Some of Rachel Carson’s present-day critics contend that her work led to a worldwide ban on DDT that has caused millions of lives to be lost to malaria. “Banning DDT killed more people than Hitler,” a character in a Michael Creighton novel says, expressing views that the author later said matched his own.
However, Carson was no ideologue, says biographer Linda Lear. She never called for a blanket ban, and recognised that pesticides have some uses, including the prevention of insect-borne diseases.
While agricultural use of DDT has been banned worldwide since 2004 under the Stockholm Convention on Persistent Organic Pollutants (POPs)*, the use of DDT to combat malaria is still legal.
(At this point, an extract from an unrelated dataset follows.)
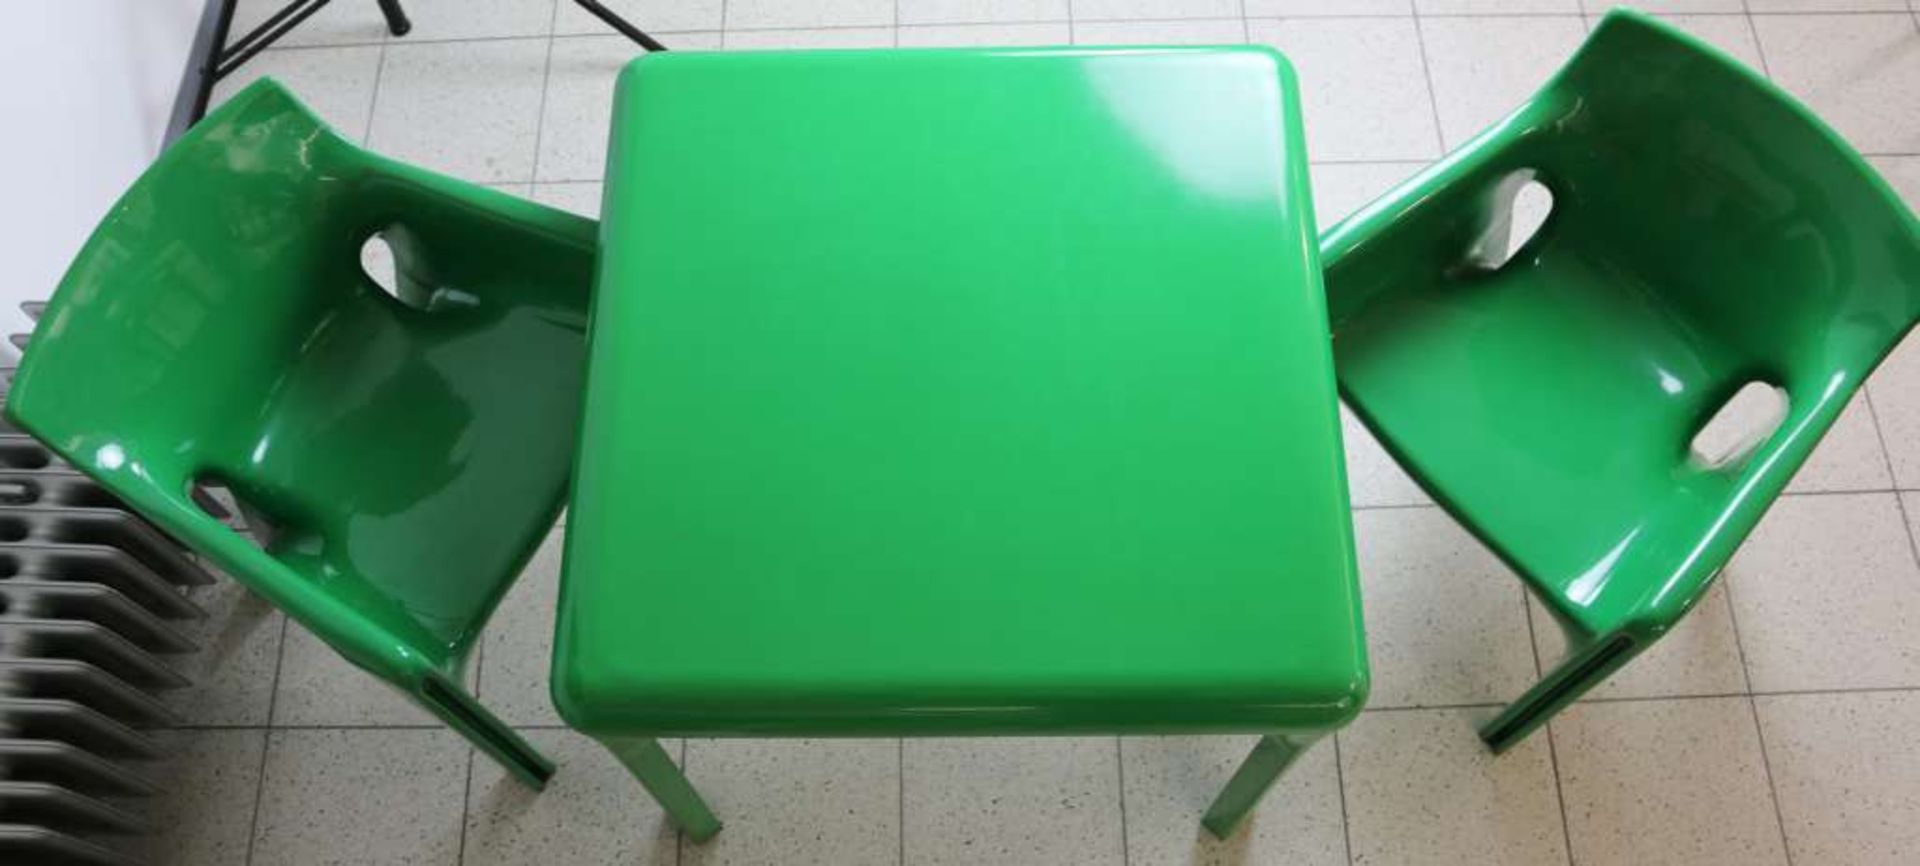 Artemide Tisch und zwei Stühle, grün, Design Vico Magistretti 1968. Paar Armlehnstühle 'Gaudi',

But it’s a contentious issue.
Advocates point to its success in virtually eradicating malaria in countries such as Sri Lanka in the early 1960s, and South Africa in recent years.
However, widespread mosquito resistance to DDT has reduced its effectiveness in many areas, and some countries, including Tanzania and Mexico, have had success against malaria by using alternative, non-chemical strategies such as distributing mosquito bed netting, clearing drains to reduce mosquito habitat, and spreading the bacterial insecticide Bacillus thuringiensis into sewers.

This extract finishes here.